ECLI:NL:HR:2005:AU2799
Hoge Raad
- Cassatie
- A.G. Pos
- L. Monné
- A.R. Leemreis
- Rechtspraak.nl
Weigering energiepremie wegens termijnoverschrijding
In deze zaak heeft de Hoge Raad op 16 september 2005 uitspraak gedaan in een cassatieprocedure betreffende de weigering van een energiepremie aan X B.V. Het verzoek om de premie was ingediend na de deadline, wat leidde tot een geschil over de tijdigheid van de aanvraag. De Inspecteur had op 25 september 2002 besloten dat de aanvraag terecht was afgewezen, waarna belanghebbende in beroep ging bij het Gerechtshof. Het Hof verklaarde het beroep ongegrond, waarop belanghebbende cassatie instelde.
De Hoge Raad heeft vastgesteld dat de aanvraag voor de energiepremie op 20 juni 2002 was ingediend, maar dat de laatste termijn van de aanneemsom voor de werkzaamheden aan de woningen op 22 februari 2002 was betaald.
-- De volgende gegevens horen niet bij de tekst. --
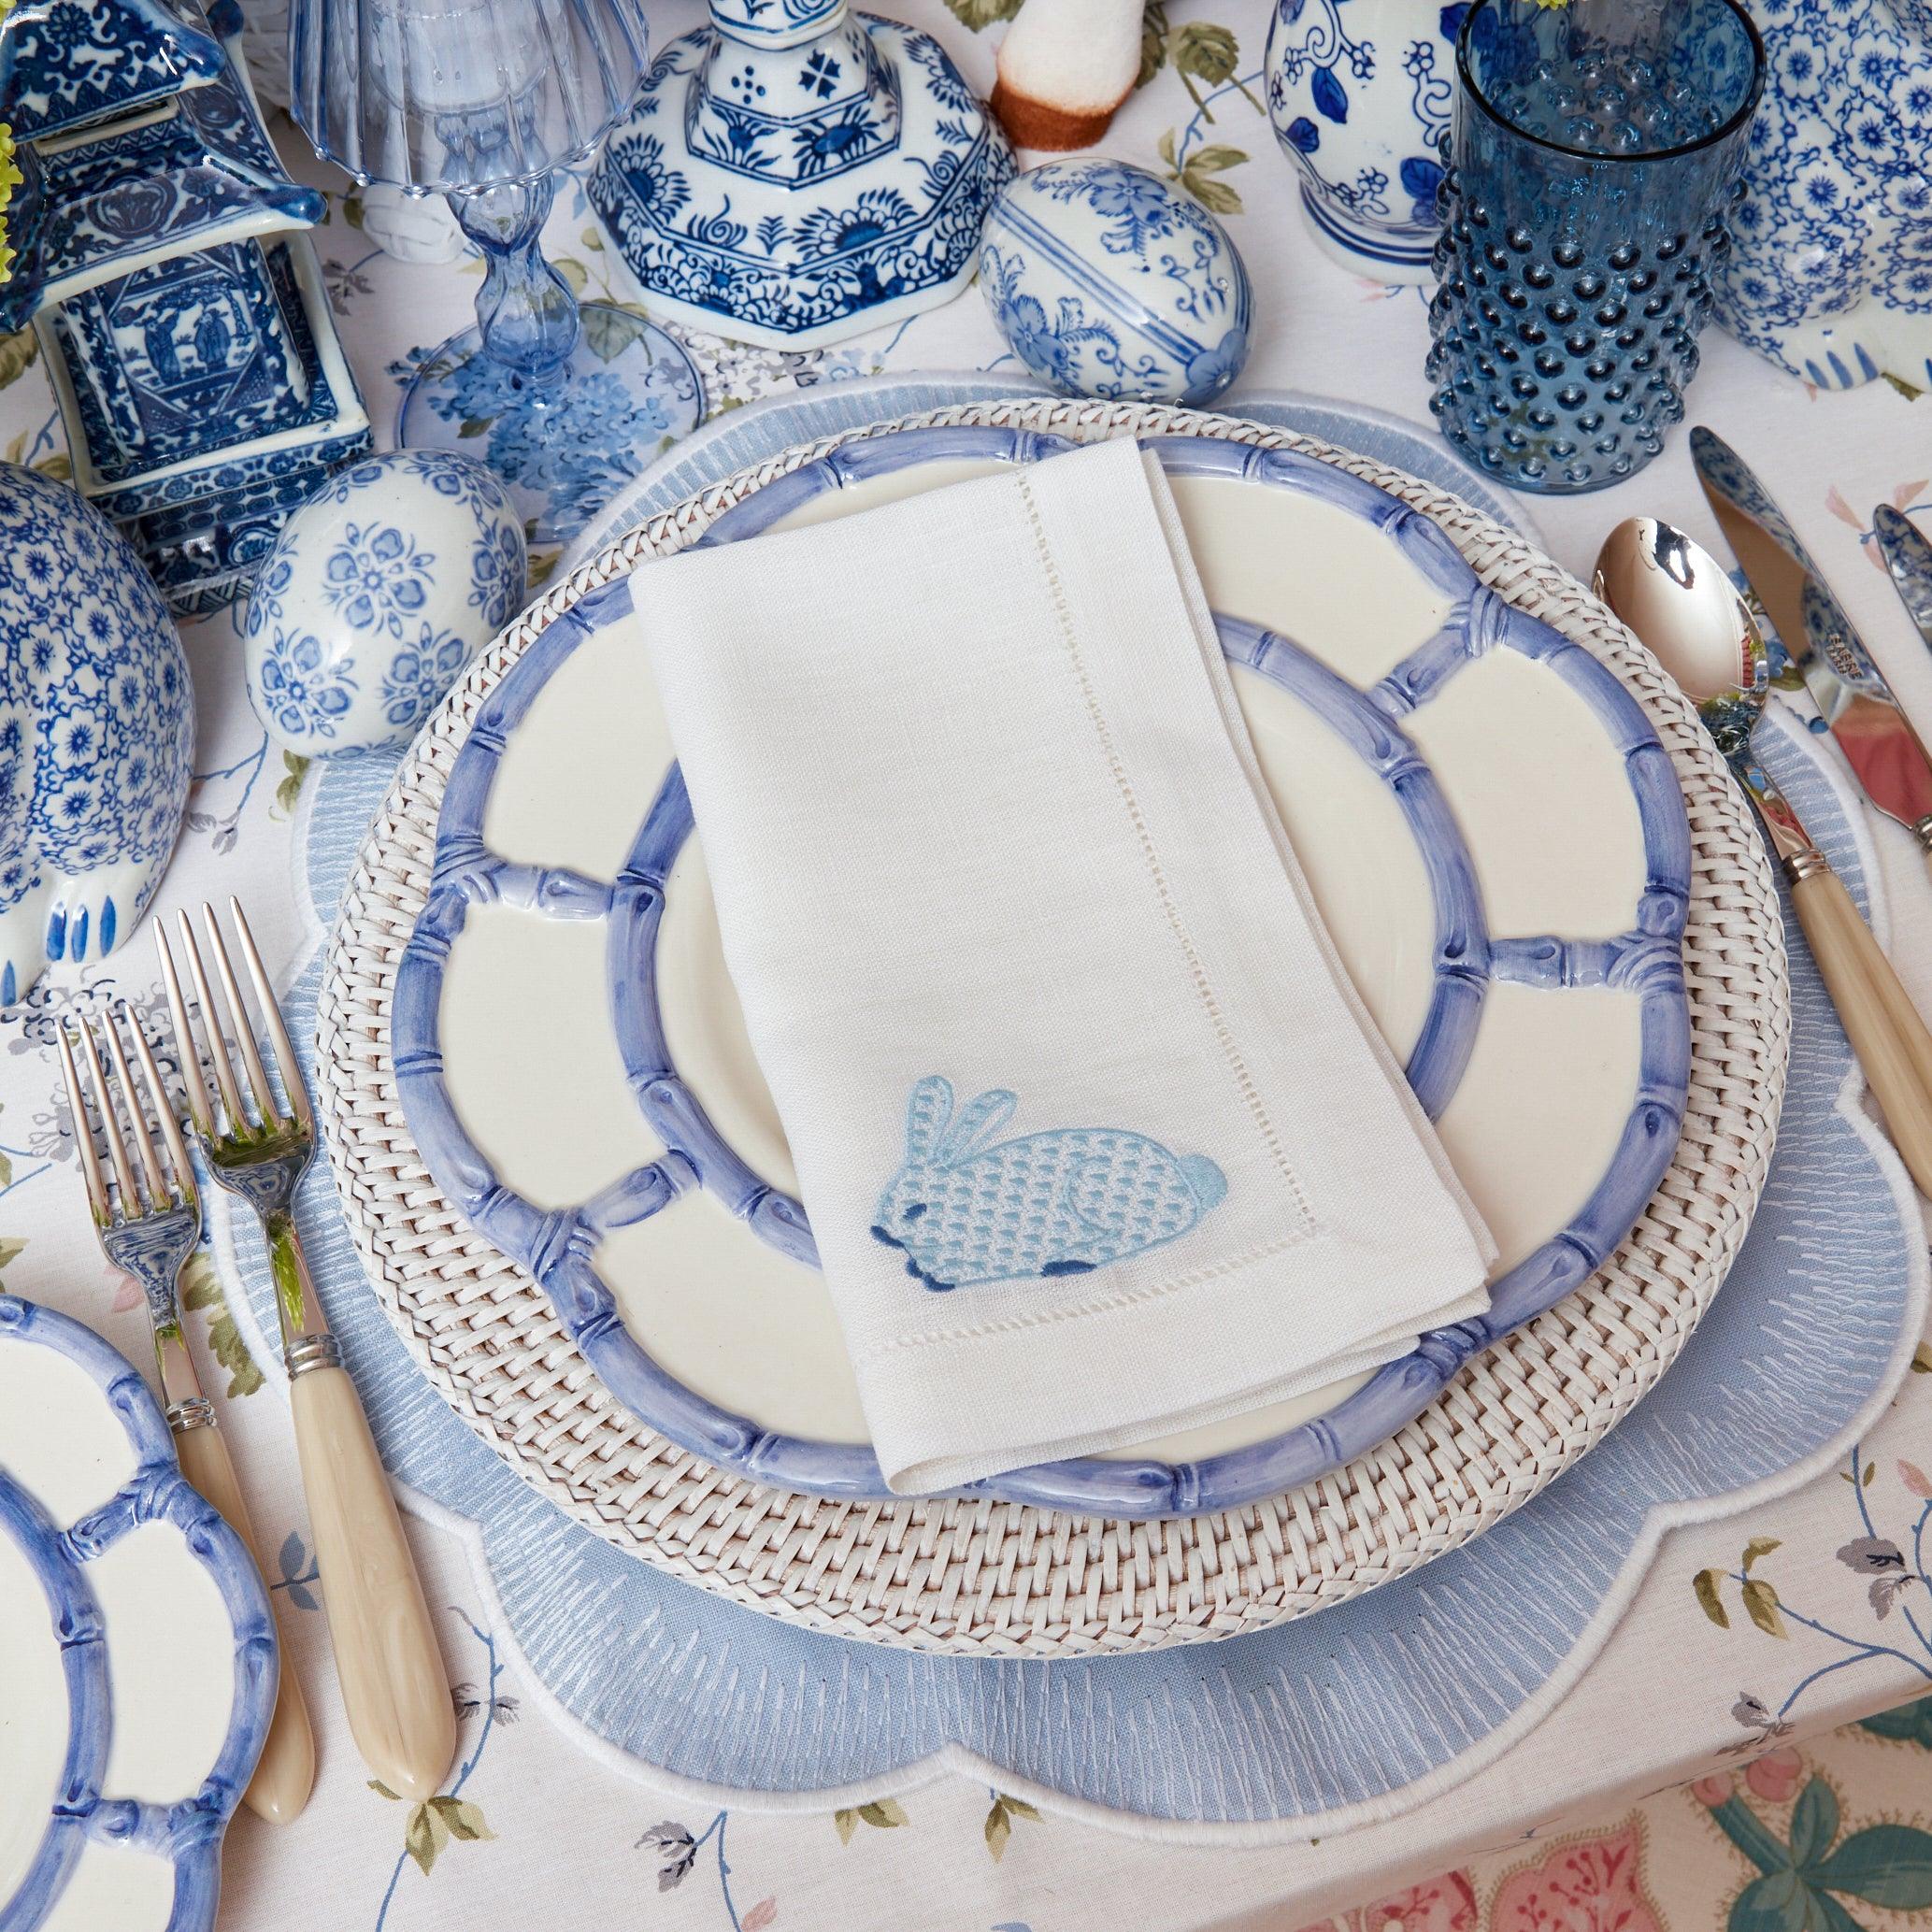 All Cotton and Linen Cloth Napkins - Linen Dinner Napkins - White Linen Napkins Set of 4 - Wedding Table Napkins - Blue Linen Napkins - Orta Linen

De Hoge Raad oordeelde dat het Hof terecht had geoordeeld dat de aanvraag niet tijdig was ingediend, aangezien deze uiterlijk dertien weken na de aanschaf van de voorziening had moeten worden gedaan. De Hoge Raad concludeerde dat het Hof geen onjuiste rechtsopvatting had gehanteerd en dat de beslissing van het Hof niet onbegrijpelijk of onvoldoende gemotiveerd was.
De Hoge Raad heeft de middelen van cassatie verworpen en het beroep ongegrond verklaard. De proceskosten werden niet toegewezen, omdat de Hoge Raad geen termen aanwezig achtte voor een veroordeling in de proceskosten. Dit arrest is gewezen door de vice-president A.G. Pos als voorzitter, en de raadsheren L. Monné en A.R. Leemreis, in tegenwoordigheid van de waarnemend griffier A.I. Boussak-Leeksma, en in het openbaar uitgesproken op 16 september 2005.